Please copy the data below exactly; none of the pictures in it belong in the copy.

- DATA BLOCK:
========================================

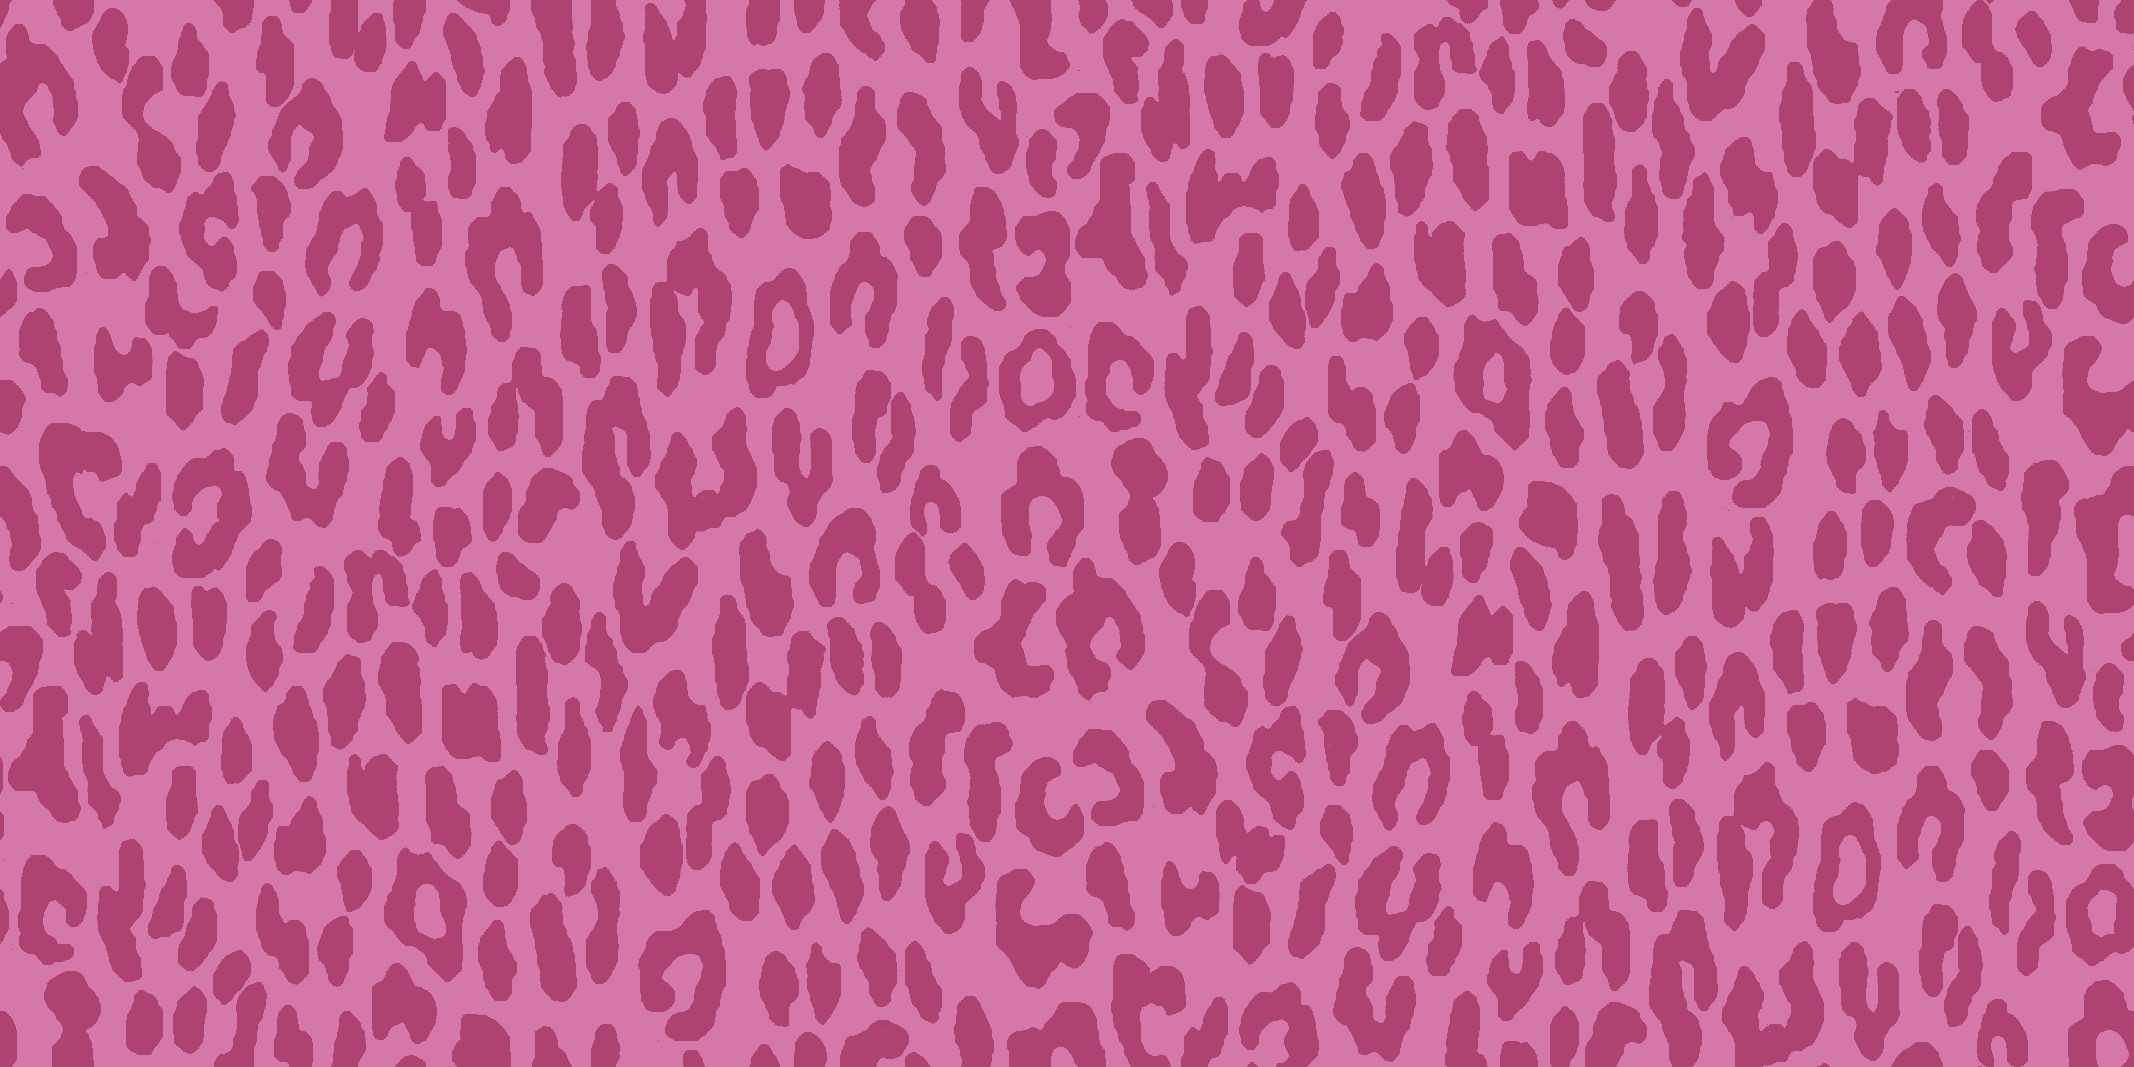 Waverly Inspirations 44" 100% Cotton Wild Spots Sewing & Craft Fabric By the Yard, Magenta
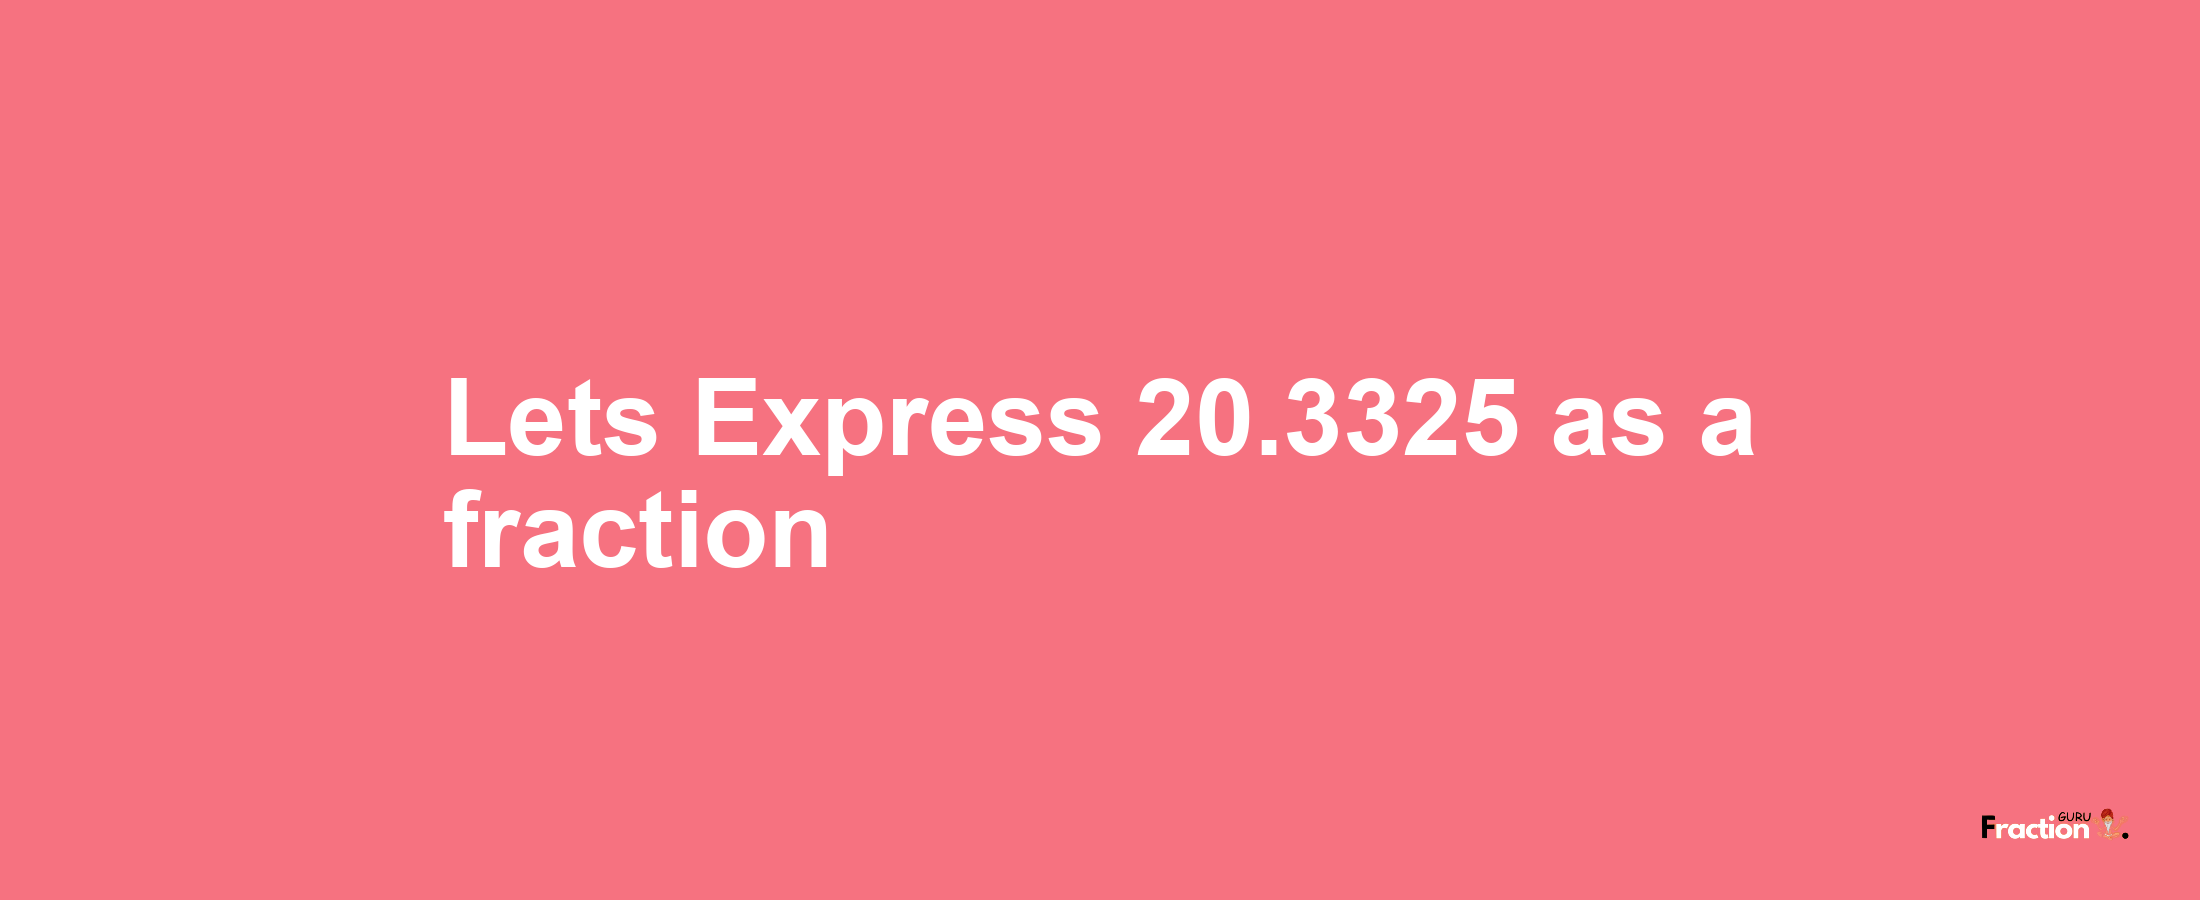 Lets Express 20.3325 as afraction
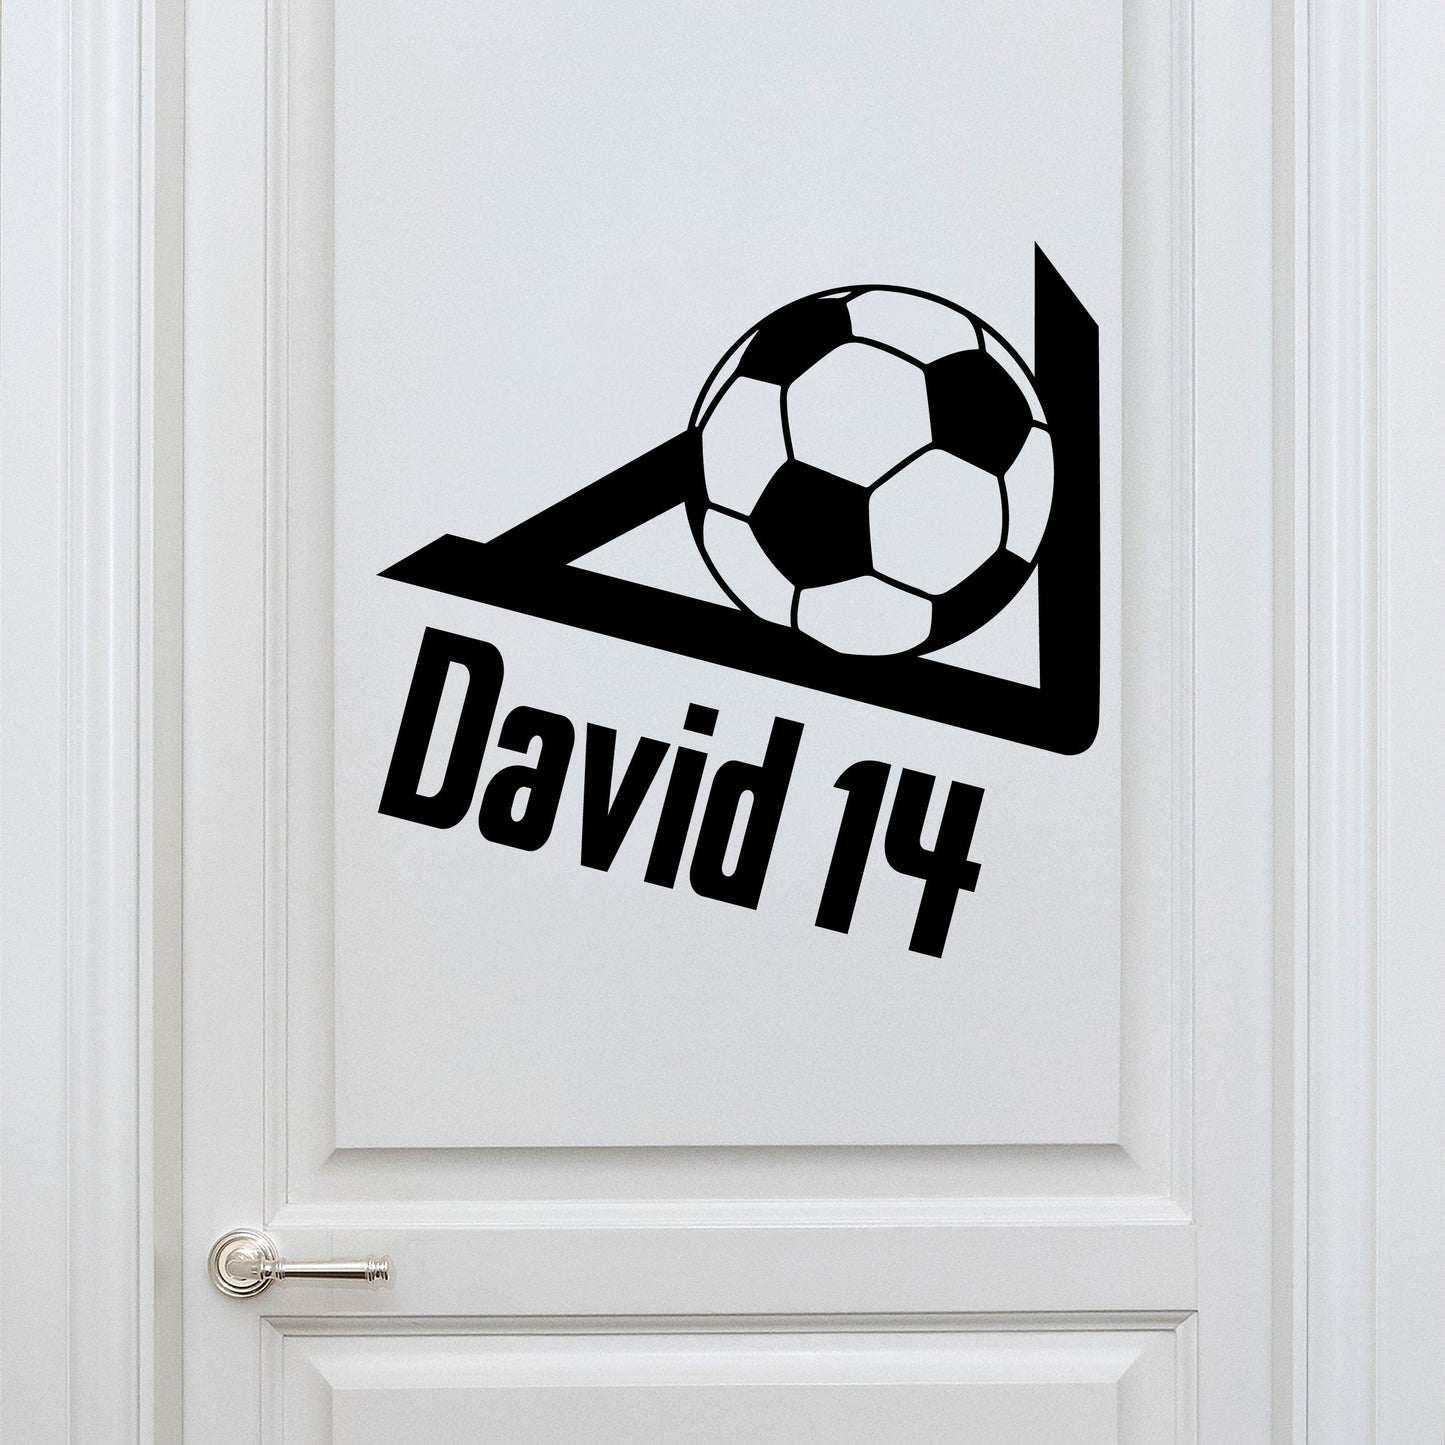 Soccer Wall Decal - Personalized Custom Soccer Player Wall Decal - Choose Your Name - Personalized Soccer Wall Decal - Wall Soccer Decal

========================================

- WRITTEN REPLY:
 Waverly Inspirations 44" 100% Cotton Wild Spots Sewing & Craft Fabric By the Yard, Magenta
 Lets Express 20.3325 as afraction
 Soccer Wall Decal - Personalized Custom Soccer Player Wall Decal - Choose Your Name - Personalized Soccer Wall Decal - Wall Soccer Decal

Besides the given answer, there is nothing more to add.